But Amy Gahran makes a good point: the iPhone is for content consumers, not content creators. You can't get an external keyboard for it, the camera quality is too low, and you can't take or edit video. Or COPY AND PASTE for that matter (jeez, Apple. Seriously). I want to blog and broadcast on the go. It's critical. Sort of.
Amy writes...
... In other words, the new iPhone still won’t be as good a product as Nokia’s N95 already is — at least not as far as journalists and mobloggers are concerned.
Nevertheless, I might soon end up settling for an iPhone — unless Nokia pulls its US service act together damn quick. (Specifically, before the new iPhone goes on sale in the US.)
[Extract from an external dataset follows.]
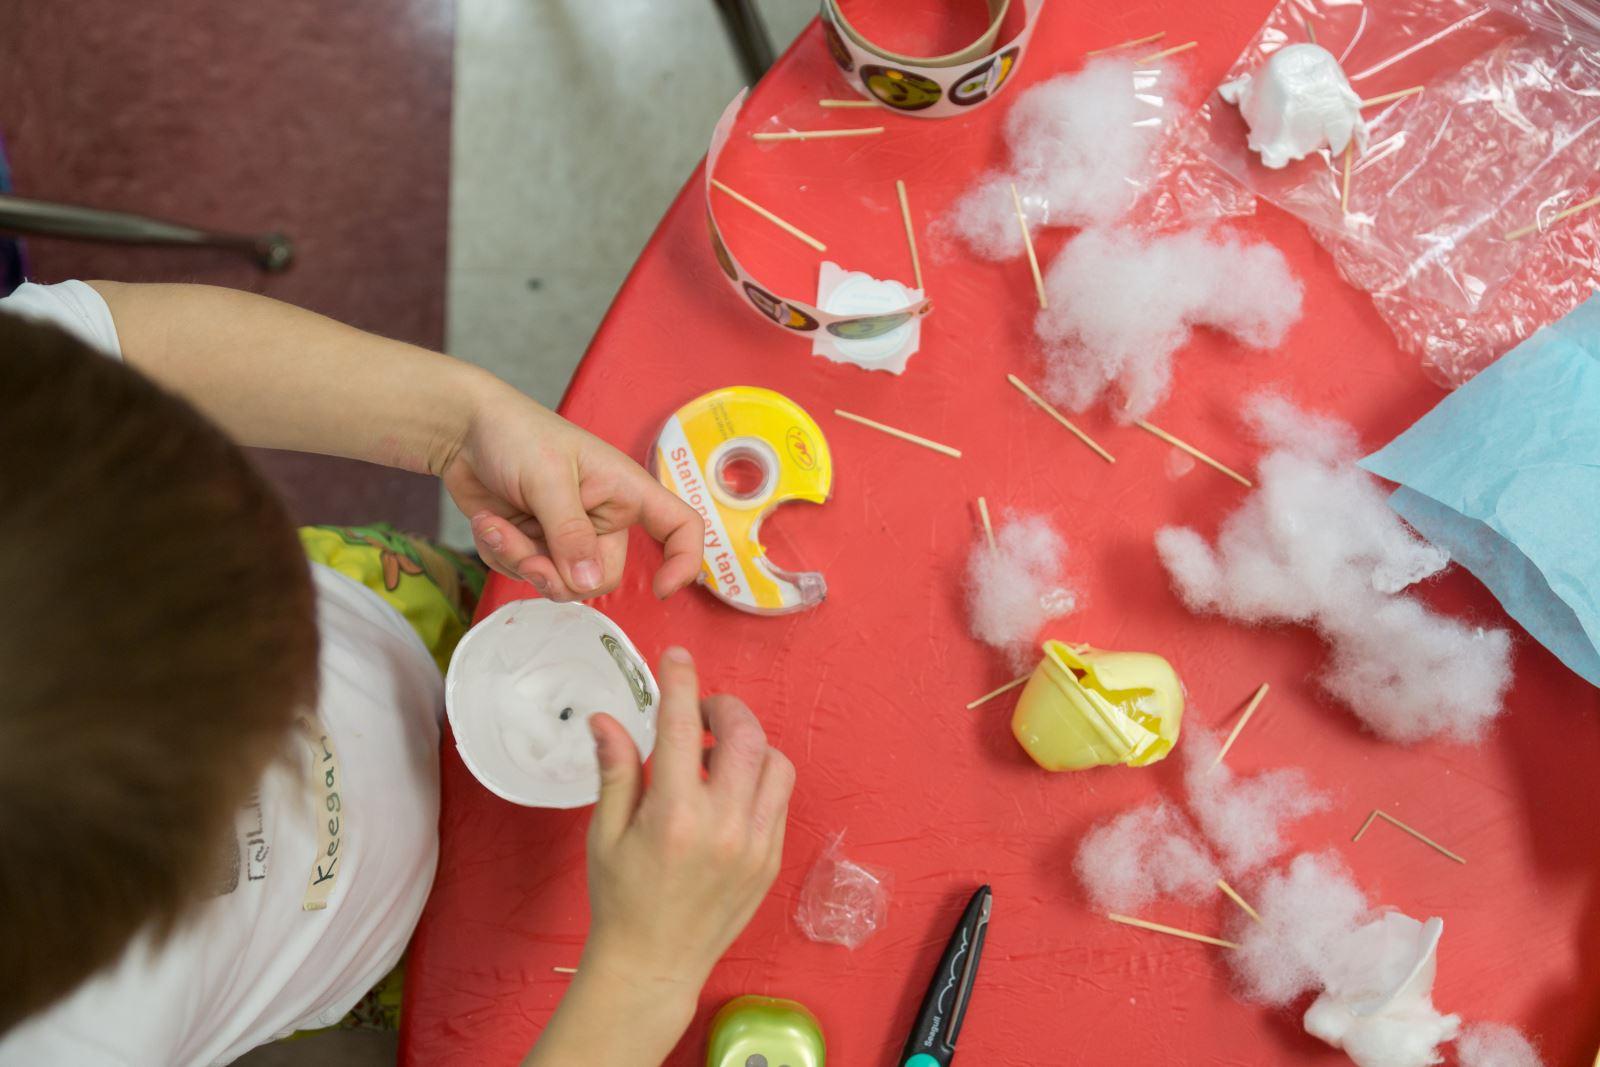 child doing crafts
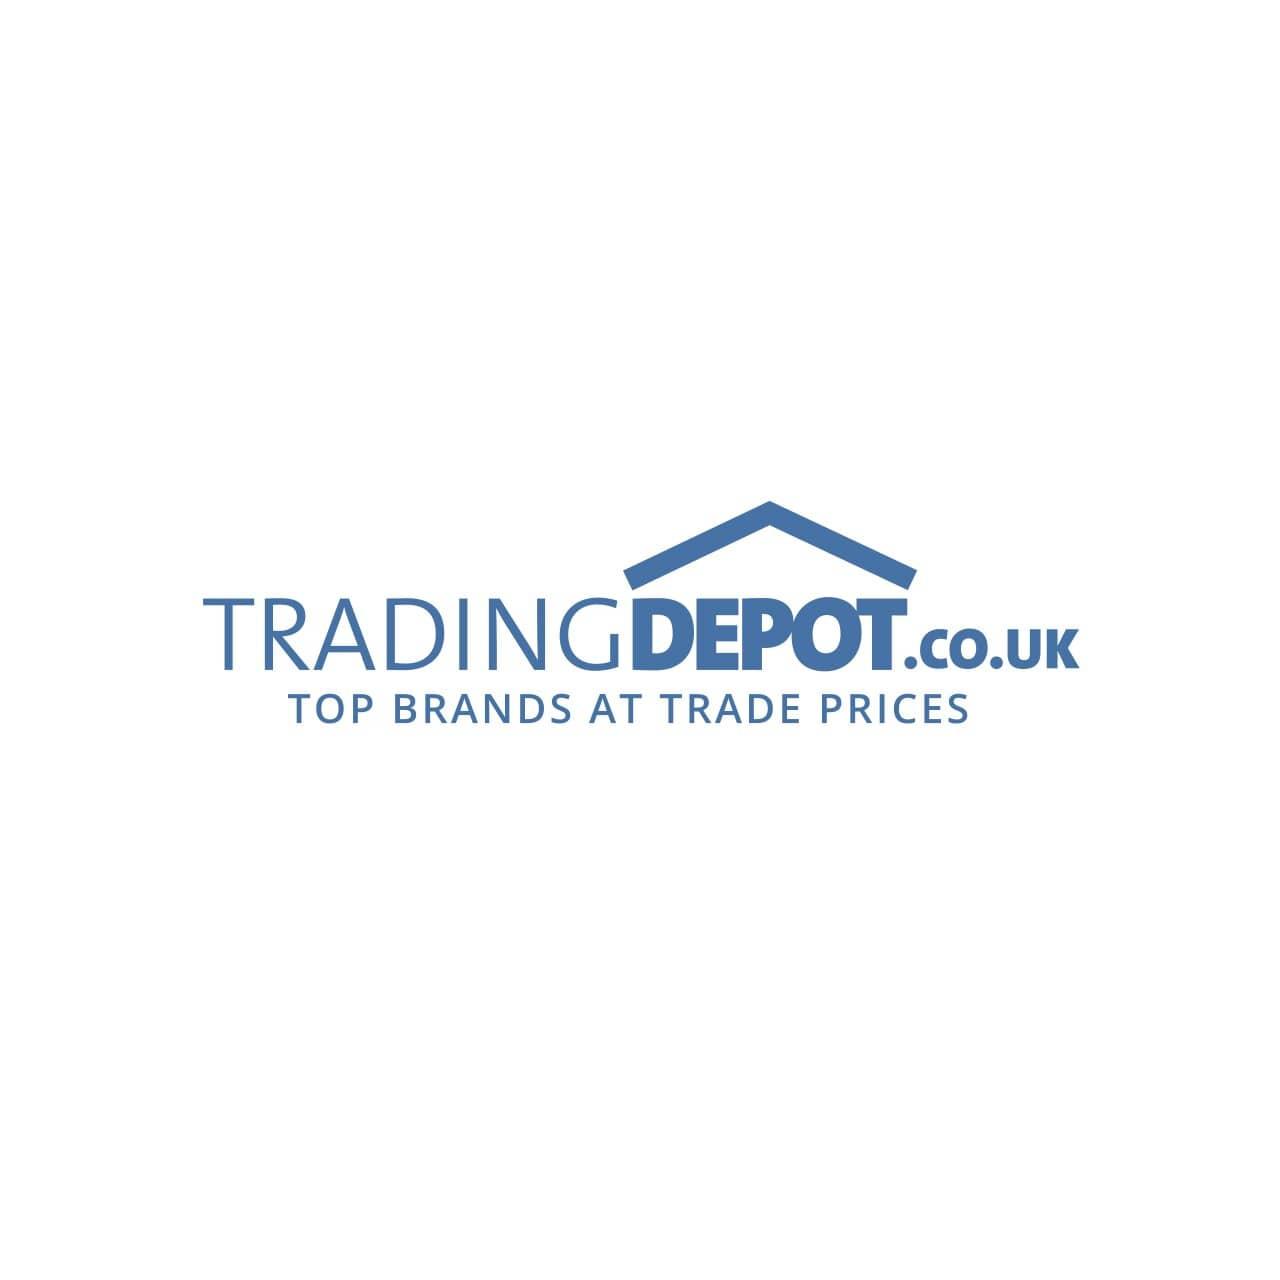 Velux Centre-Pivot Roof Window - Triple Glazed with Anti-Dew & Easy Clean Glazing – White Polyurethane 78 x 98cm - GGU MK04 0066

Why? Because the new iPhone might be barely good enough for much of what I need a mobile device to do. More importantly, Apple has proven, through its service practices, that it stands behind its products and cares about customers’ experience after they buy. Apple understands and respects that users of high-end phones run their lives on those devices, and thus cannot tolerate being without them for more than a few days at a time.
Meanwhile Nokia’s dearth of US local service centers, requirement that customers ship damaged or dead phones to Nokia at their own expense, and warranty that allows Nokia up to 30 days to return a phone — plus its risky, clunky, PC-only firmware update process — convey the message that Nokia doesn’t really care much about its US customers. (At least, not after they fork over $500-$700 for an N-Series phone.)
I'd add that the keypad on the N95 is a critical problem, too. While the ability use bluetooth keyboards is excellent, a phone's native keyboard needs to be decent, too. I refused to blog, or even Twitter, from a number keypad. Not when I've been using the Treo's QWERTY for 2 years.
Oh wheeeere, oh wheeeeere is my perfect phone?